→ EXERCISE MATERIALS
*** Begin section ***
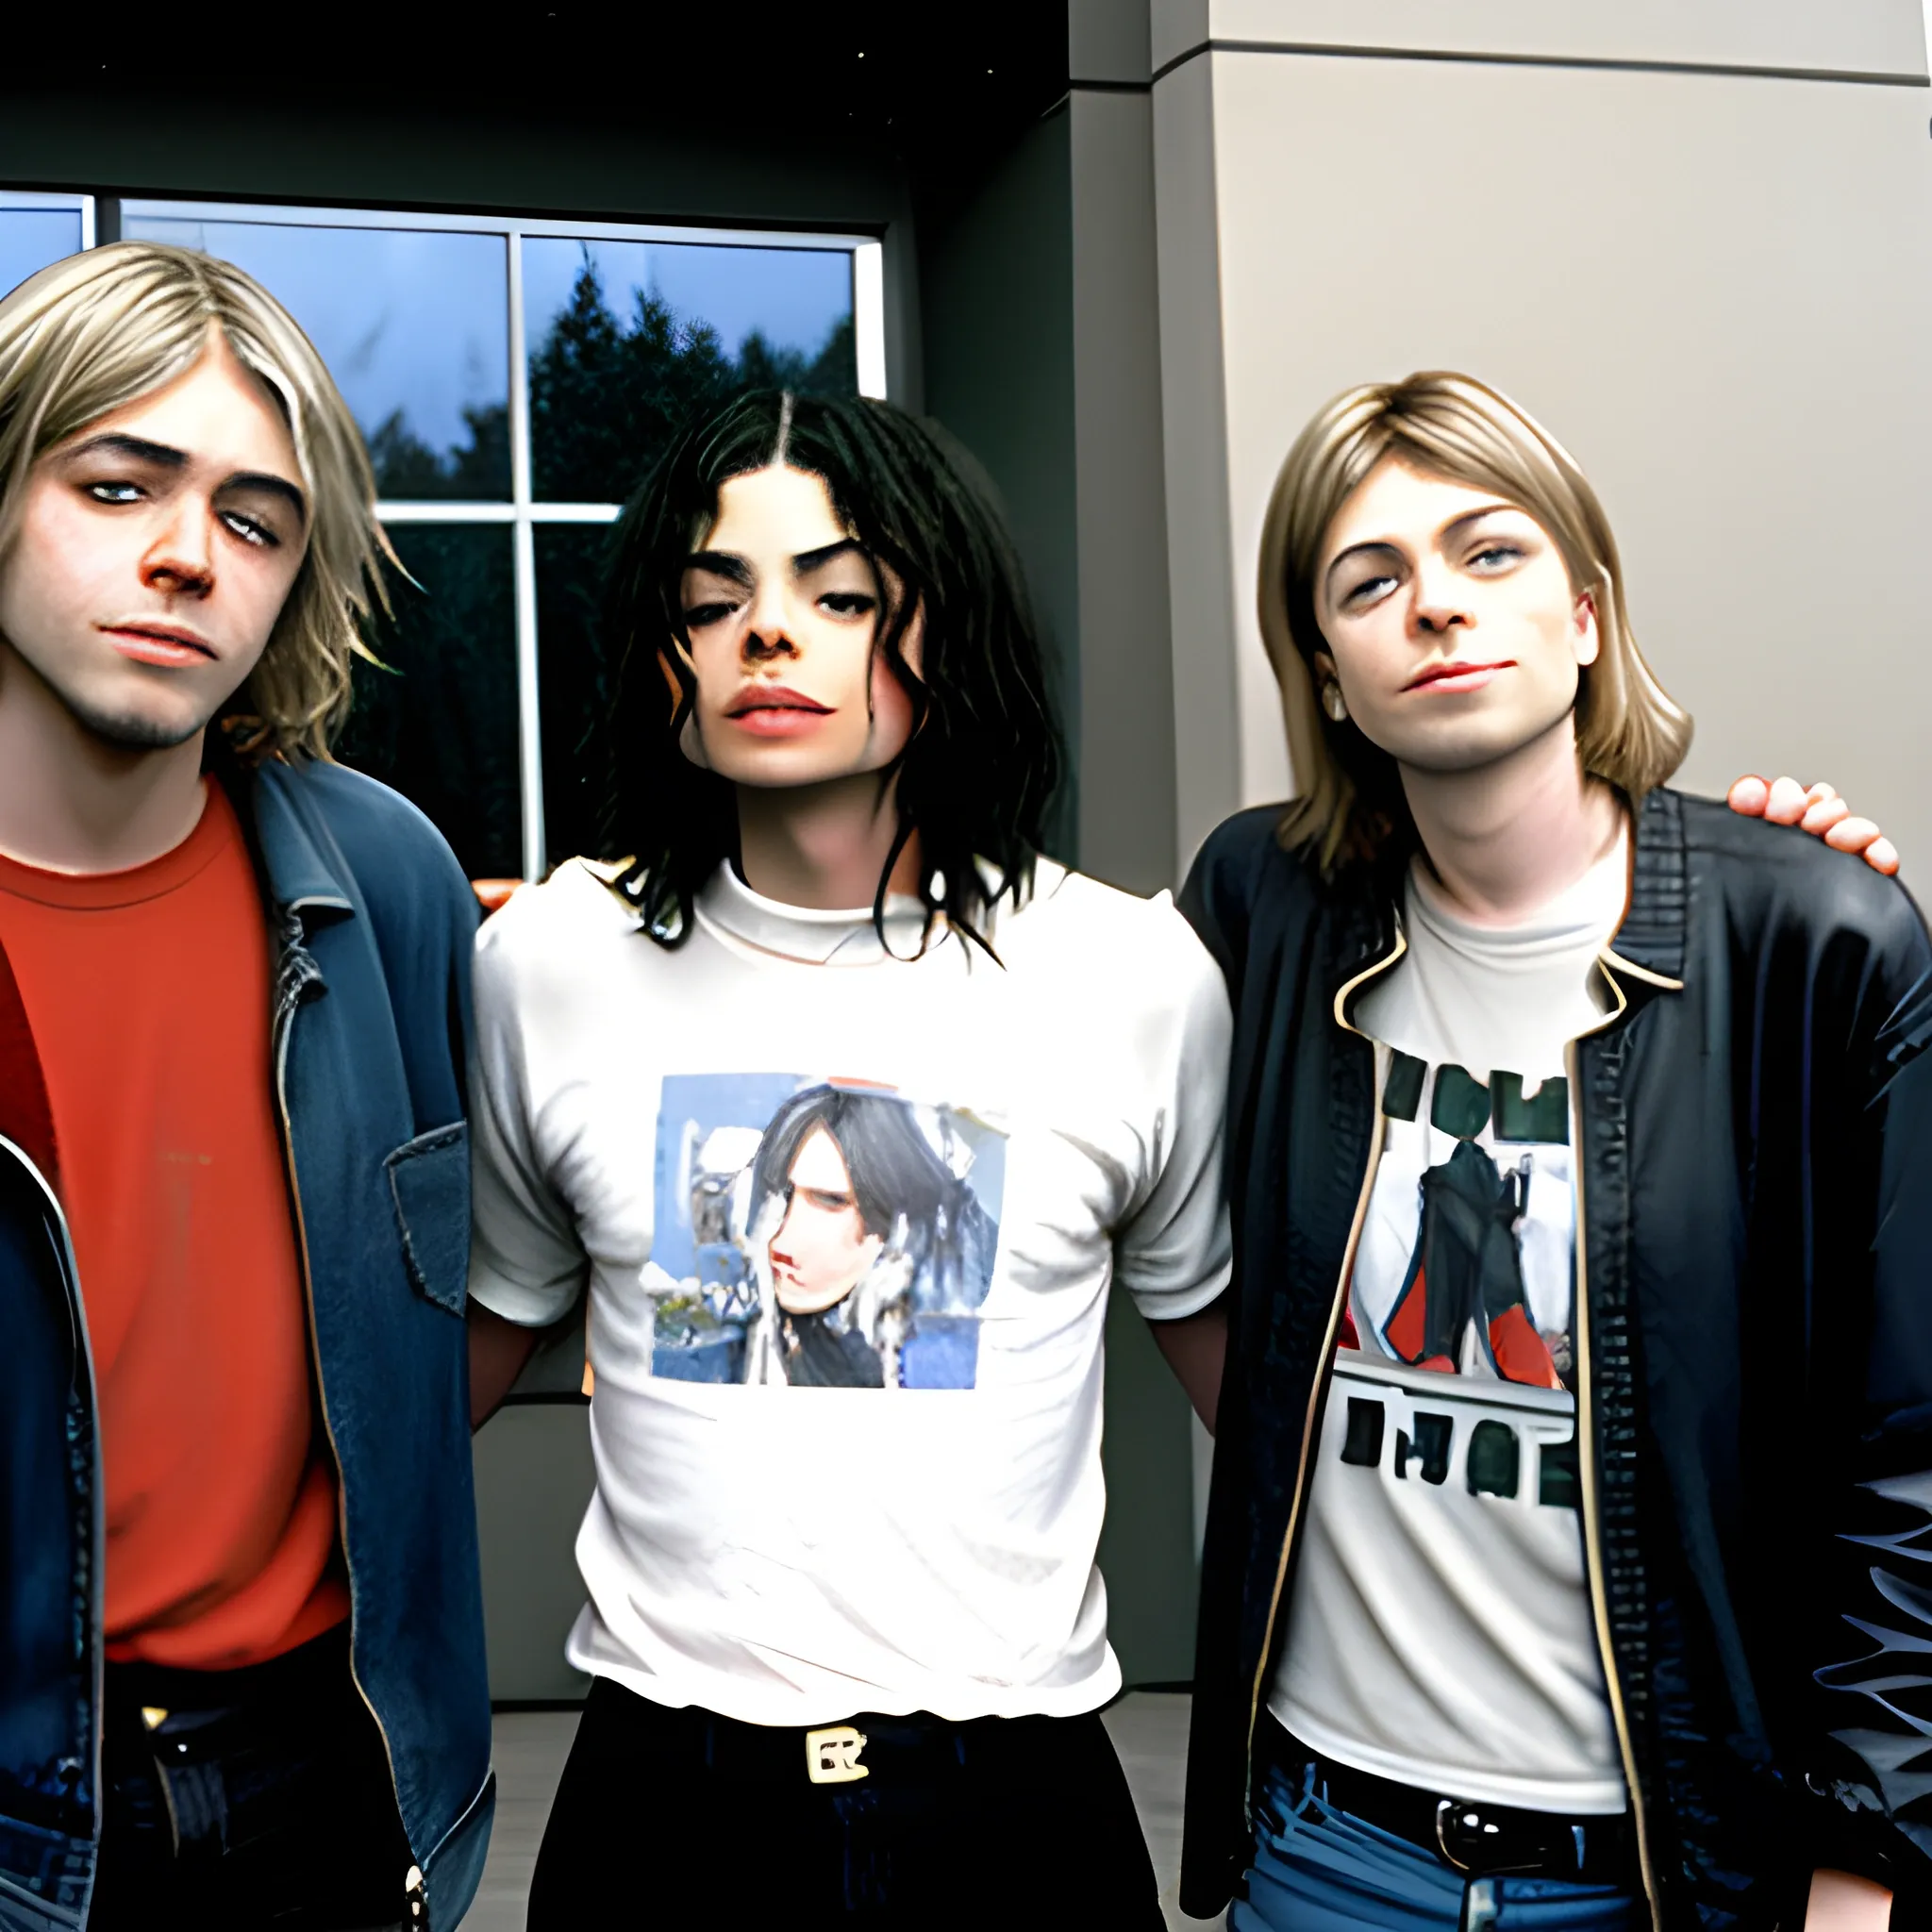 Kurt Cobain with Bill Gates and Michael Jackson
*** End section ***
*** Begin section ***
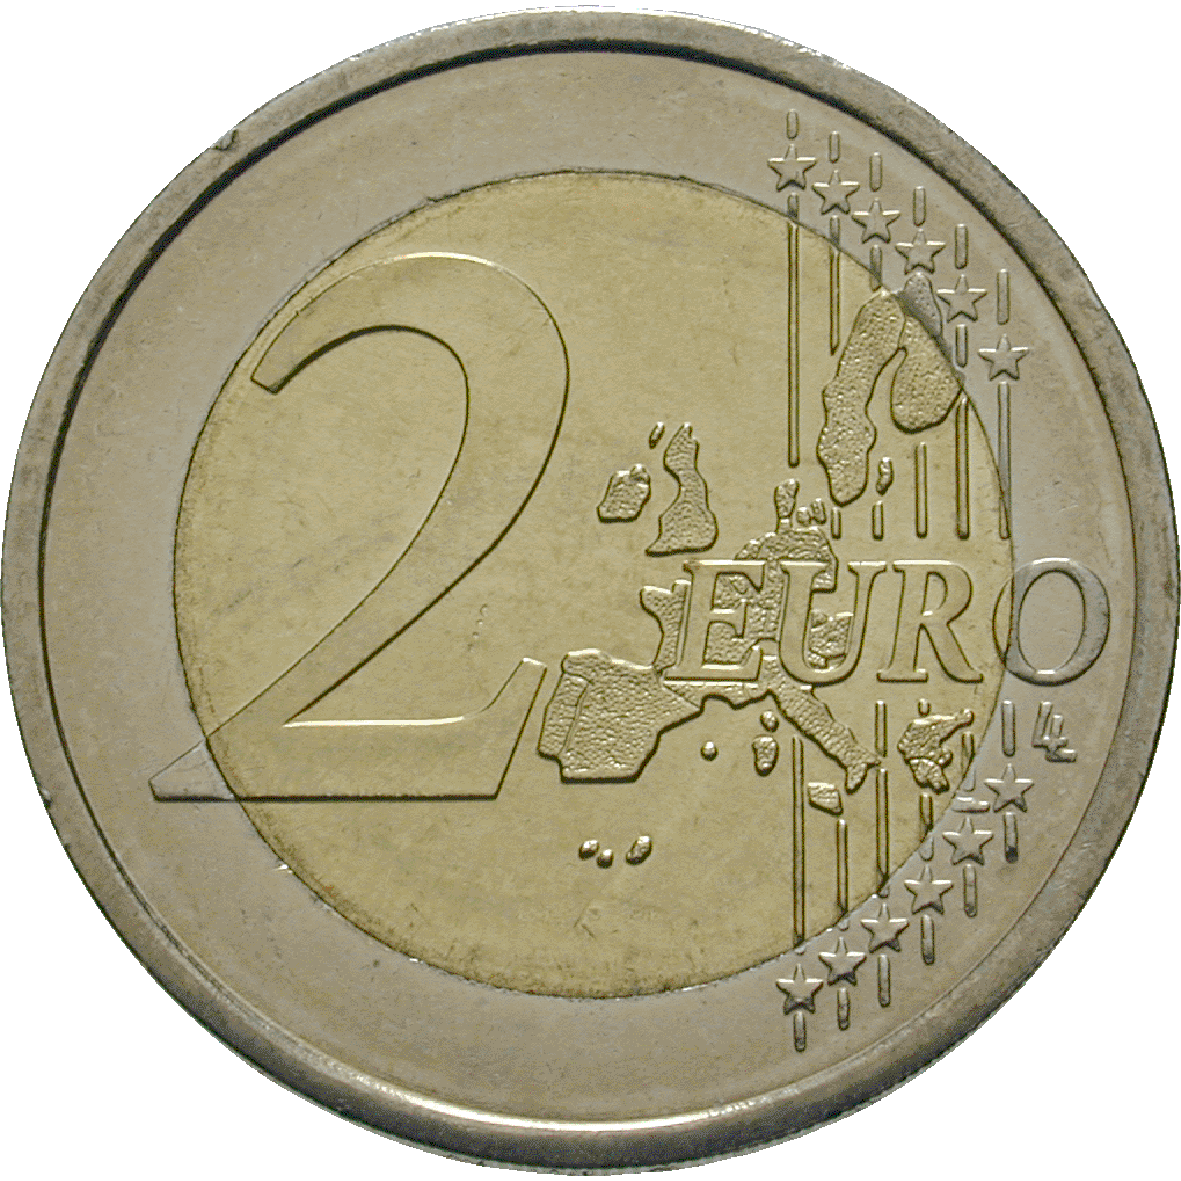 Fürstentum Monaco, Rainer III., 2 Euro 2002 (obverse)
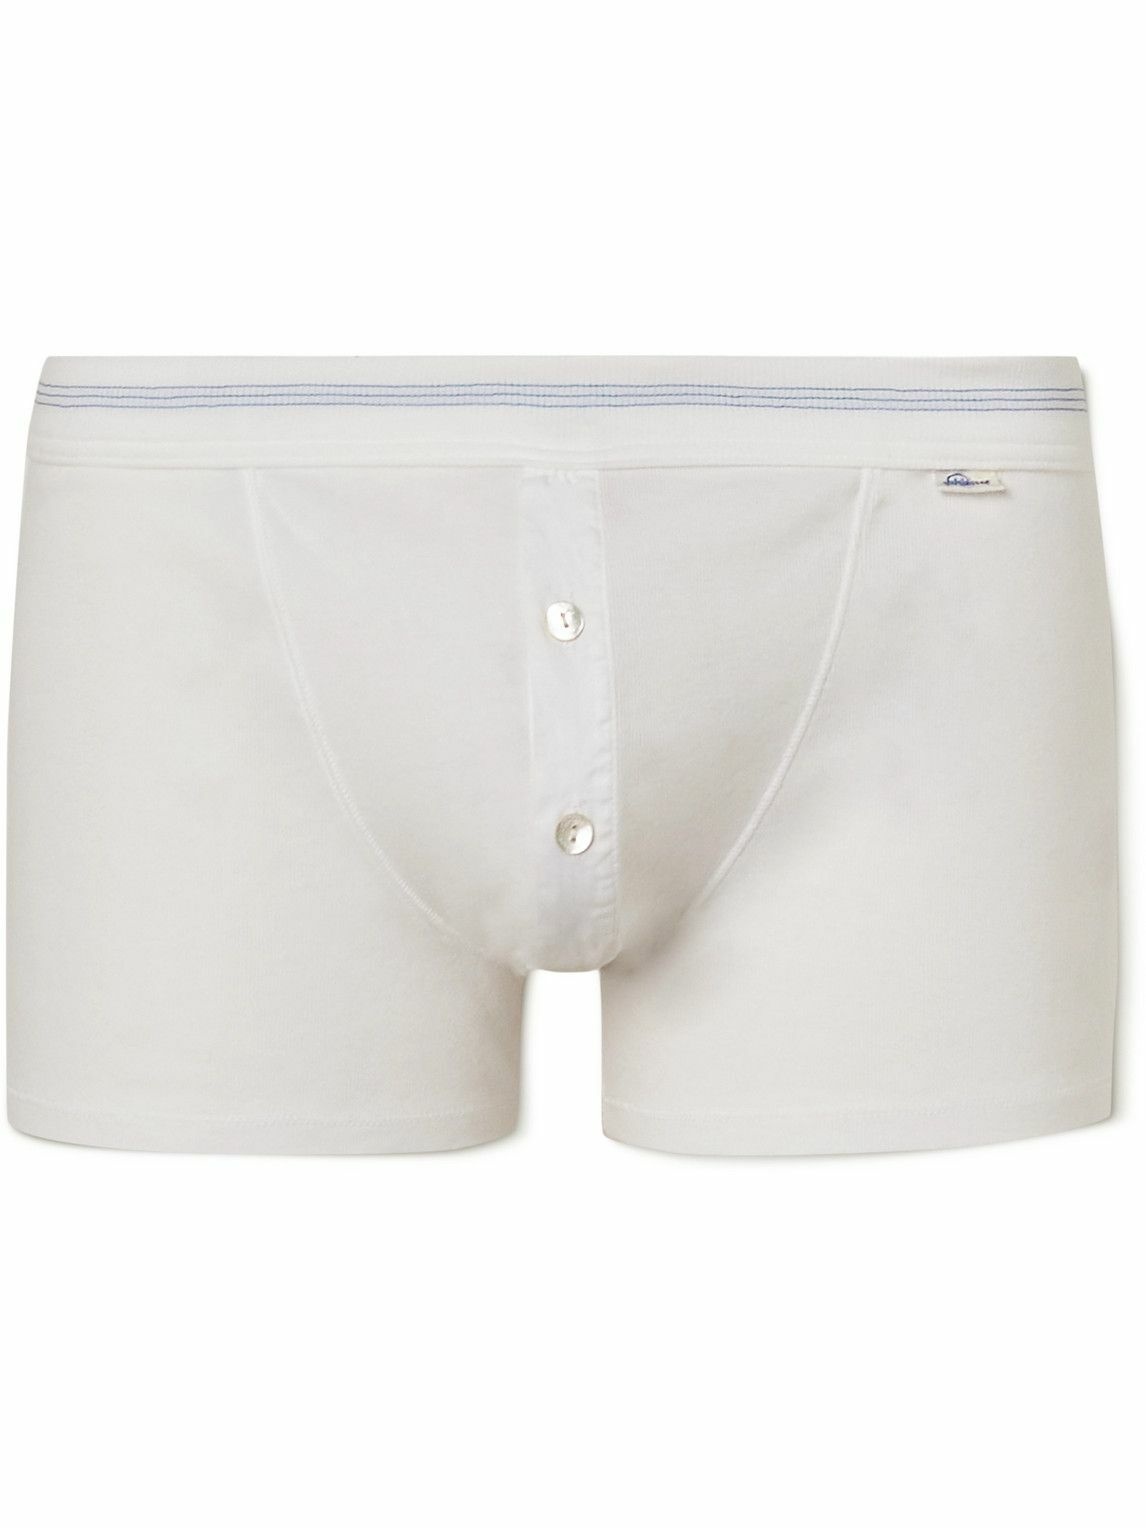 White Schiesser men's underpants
*** End section ***
→ TASK TO CARRY OUT
Only one part of the material above is wanted: the lines from the one with "Fürstentum Monaco, Rainer" up to and including the one with "White Schiesser men's underpants". Please copy them exactly, pictures left out.

→ SOLUTION TO THIS TASK
 Fürstentum Monaco, Rainer III., 2 Euro 2002 (obverse)
 White Schiesser men's underpants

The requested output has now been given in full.